Abstract

Mixing time is usually used as an important parameter for quantifying the mixing performance of multiphase flow in a metallurgical bath. However, the topic of the mixing time of a Kaldo furnace for copper anode slime treatment has received little attention from scholars to date; this concept is important for guiding the optimization of high-efficiency smelting in the Kaldo furnace. In the present work, the mixing behaviour of gas-liquid two-phase flow in a Kaldo furnace was simulated using a scaled-down 1:4.5 water model fabricated from transparent acrylic plastic. A visualization technique and a quantitative characterization method for mixing performance in the Kaldo furnace—acid-base neutralization decolourization combined with RGB-based image analysis—were innovatively proposed.
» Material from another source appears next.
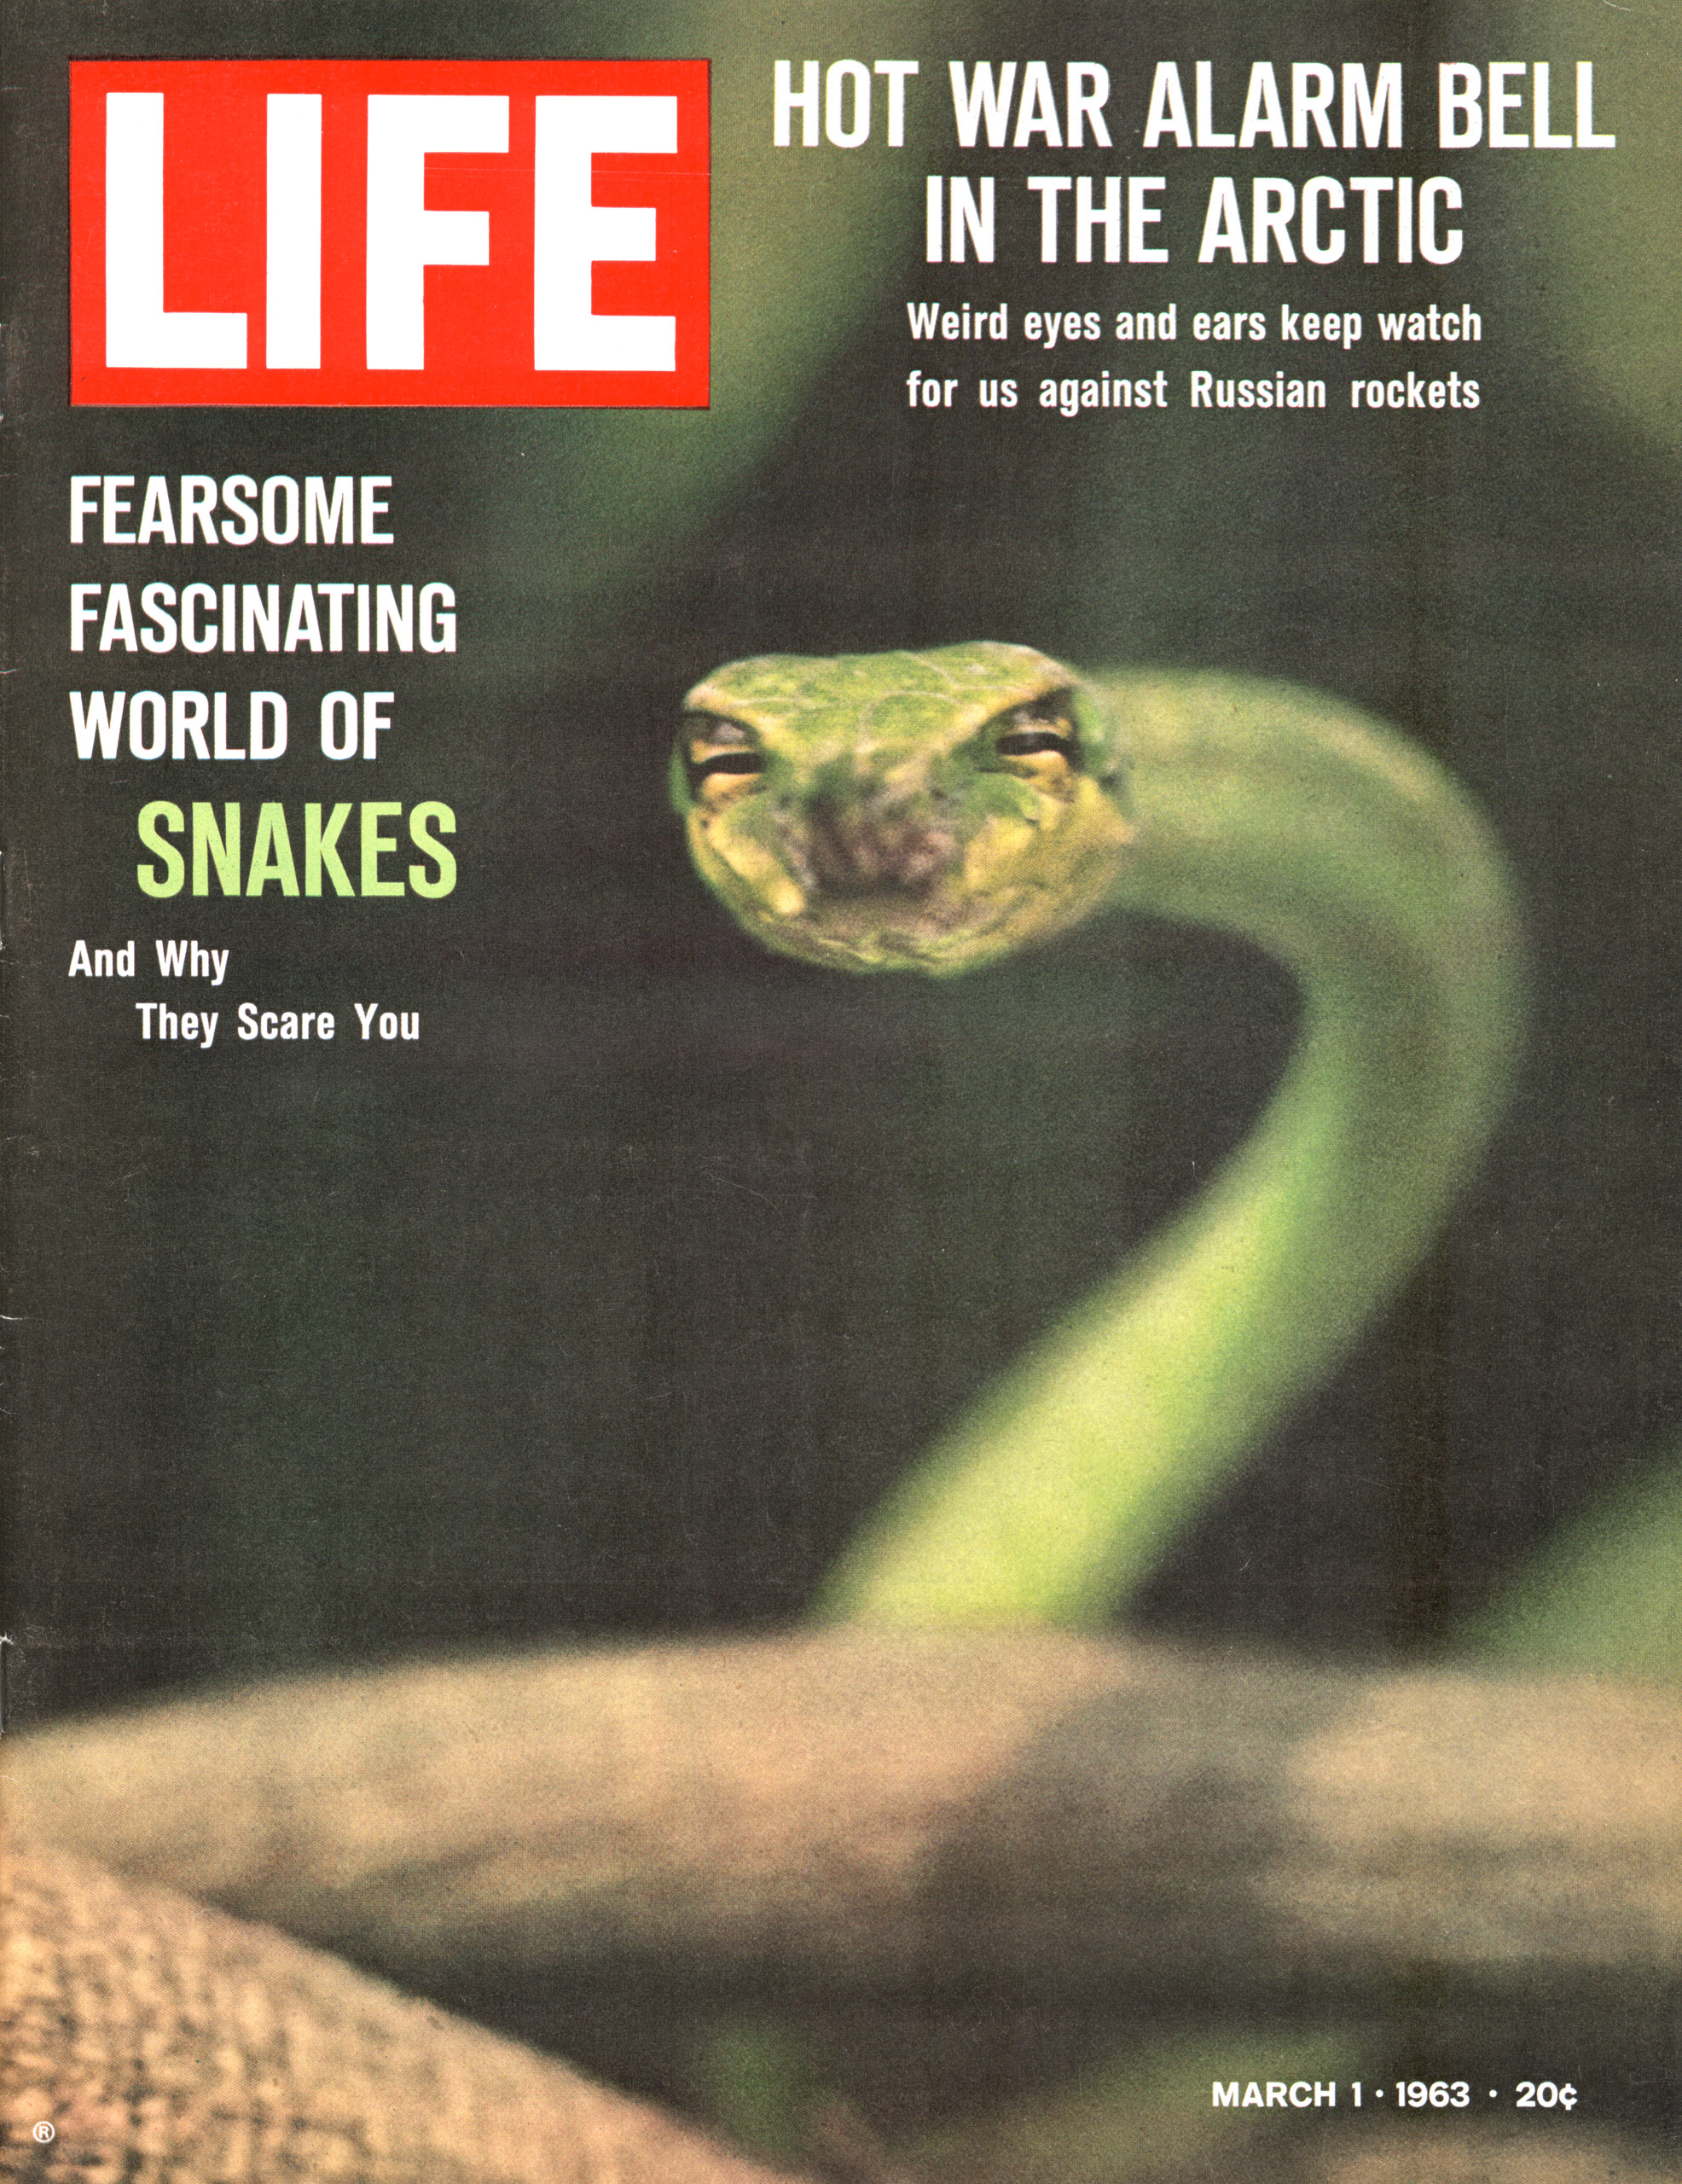 March 1, 1963 LIFE Magazine cover

This approach can not only determine the global mixing level η¯(t) and track the frequency distribution of the local mixing performance ξk(t) of the fluid region during the mixing process but also quantify the mixing time. In addition, based on the proposed method and by using dimensional analysis, the effects of operating parameters (such as the gas flow rate Q, injection lance height h, rotation speed ω, liquid volume fraction φ, inclination angle θ, and liquid viscosity μl) on the mixing time of gas-liquid two-phase flow in the molten bath were discussed. On this basis, the empirical equation of the mixing time as a function of h, ω, φ, the modified Froude number (Fr'), μl and θ was established as the first quantitative relationship of the mixing time for the Kaldo furnace.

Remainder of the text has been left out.